Transient Expression of Green Fluorescent Protein in Integrase-Defective Lentiviral Vector-Transduced 293T Cell Line

    Research output: Other contribution

    6 Citations (Scopus)


    Non-integrating lentiviral vectors or also known as integrase-defective lentiviral (IDLV) hold a great promise for gene therapy application. They retain high transduction efficiency for efficient gene transfer in various cell types both in vitro and in vivo. IDLV is produced via a combined mutations introduced on the HIV-based lentiviral to disable their integration potency. Therefore, IDLV is considered safer than the wild-type integrase-proficient lentiviral vector as they could avoid the potential insertional mutagenesis associated with the nonspecific integration of transgene into target cell genome afforded by the wild-type vectors.Here we describe the system of IDLV which is produced through mutation in the integrase enzymes at the position of D64 located within the catalytic core domain. The efficiency of the IDLV in expressing the enhanced green fluorescent protein (GFP) reporter gene in transduced human monocyte (U937) cell lines was investigated. Expression of the transgene was driven by the spleen focus-forming virus (SFFV) LTRs. Transduction efficiency was studied using both the IDLV (ID-SFFV-GFP) and their wild-type counterparts (integrase-proficient SFFV-GFP).

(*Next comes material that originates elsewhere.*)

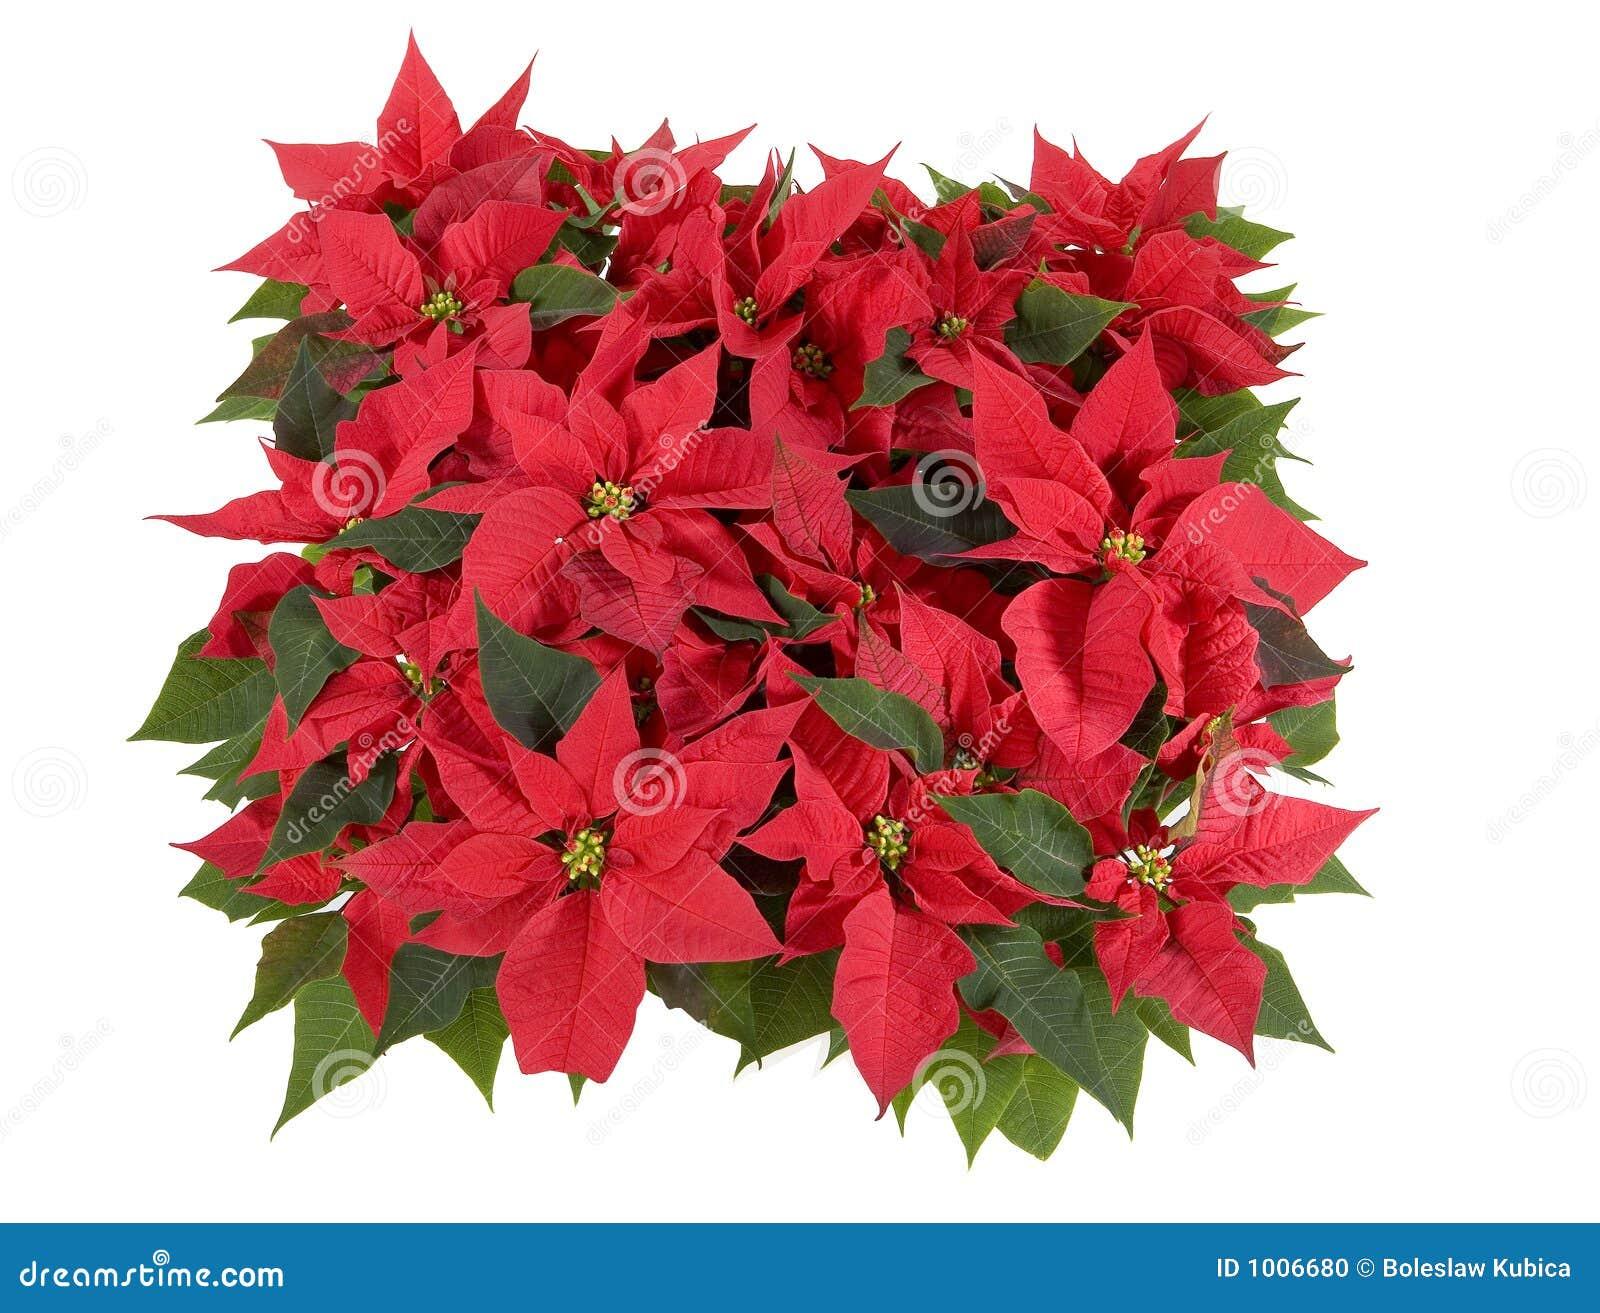 Décorations de Noël - poinsettia rouge

GFP expression was analyzed by fluorescence microscope and FACS analysis.Based on the results, the number of the GFP-positive cells in ID-SFFV-GFP-transduced U937 cells decreased rapidly over time. The percentage of GFP-positive cells decreased from ~50 % to almost 0, up to 10 days post-transduction. In wild-type SFFV-GFP-transduced cells, GFP expression is remained consistently at about 100 %. These data confirmed that the transgene expression in the ID-SFFV-GFP-transduced cells is transient in dividing cells. The lack of an origin of replication due to mutation of integrase enzymes in the ID-SFFV-GFP virus vector has caused the progressive loss of the GFP expression in dividing cells.Integrase-defective lentivirus will be a suitable choice for safer clinical applications. It preserves the advantages of the wild-type lentiviral vectors but with the benefit of transgene expression without stable integration into host genome, therefore reducing the potential risk of insertional mutagenesis.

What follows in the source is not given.